Tae Crowder, a backup inside linebacker for Georgia, was on the front line of the kickoff coverage unit. Oklahoma’s kick went right at him, an attempted squib kick. Crowder hopped on it.

“It was just like shortstop,” Crowder said, smiling. “I played a little shortstop in baseball.”

He also immediately hit the ground at the Oklahoma 47.

“Just got down,” Crowder said. “Just something you should do.”

Only one second went off the clock. It was a heady and athletic play by Crowder to field the ball cleanly and immediately hit the ground.

“I’d love to say that we coached that, I’d love to say that we work that all the time,” Beamer said, grinning. “That’s just really Tae Crowder, who’s a really good football player making a really, really good football play. Changed the game.”

So it was an unexpected boon for the offense. There was only one problem: Jim Chaney, Georgia’s offensive coordinator, was already en route from the press box to the locker room. The staff had figured there would be no more offensive plays. So coach Kirby Smart, receivers coach James Coley and other assistants had to quickly huddle and make a play call.

“I’m coming down with five or seconds left, and I didn’t have any idea,” Chaney said. “James said – well our staff, hell we’ve got a great staff, so it doesn’t shock me that our staff got that one right. And James did a good job, or whoever called it. A little speedy stash. And the rest is history.”

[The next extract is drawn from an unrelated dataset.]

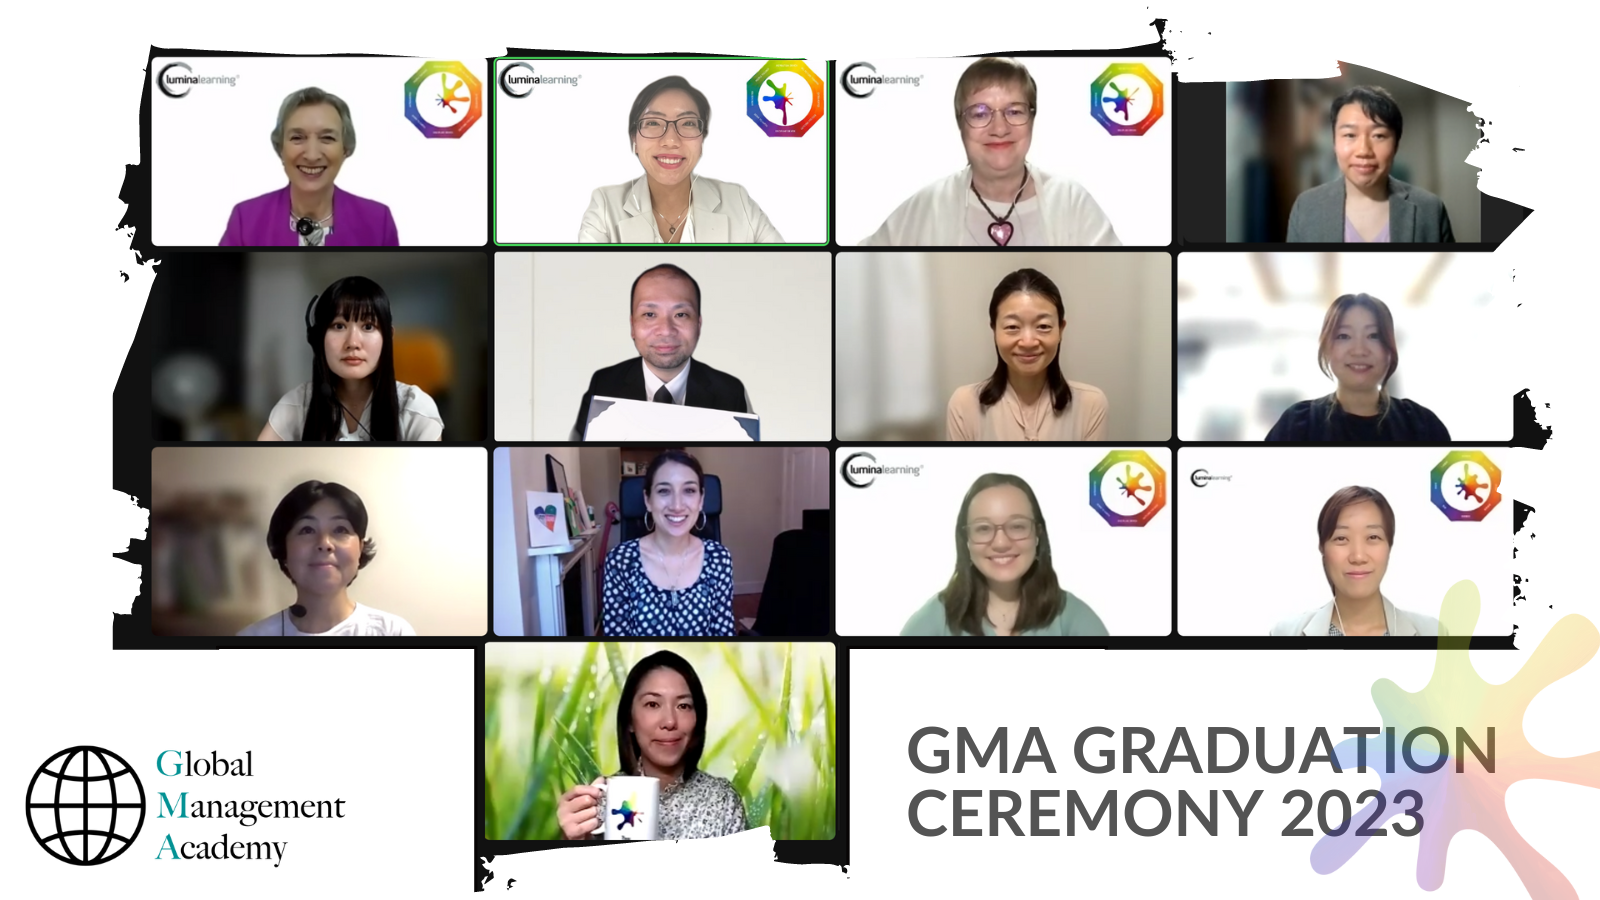 Global Management Academy Graduation in 2023

Receiver Terry Godwin went on an out pattern to the sideline. Quarterback Jake Fromm hit him with a quick pass that gained 9 yards, and the clock stopped with one second left.

That set up Rodrigo Blankenship, who had missed a 48-yarder earlier in the game. This one was longer, 55 yards, a length Blankenship had never hit at the college level in a game, and that nobody had hit in Rose Bowl history.

“It was a little bit out of range from what we talked about his range before the game,” Beamer said. “But a big-time kick by him.”

It was through, and instead of Georgia trailing by 17 at halftime, it was down 2 touchdowns, with a bit of momentum.

“Without field goal it wouldn’t have been tied like it was (in regulation),” receiver Mecole Hardman said. “But Rodrigo came through in the clutch, we needed that, momentum had stopped, and we went from there.”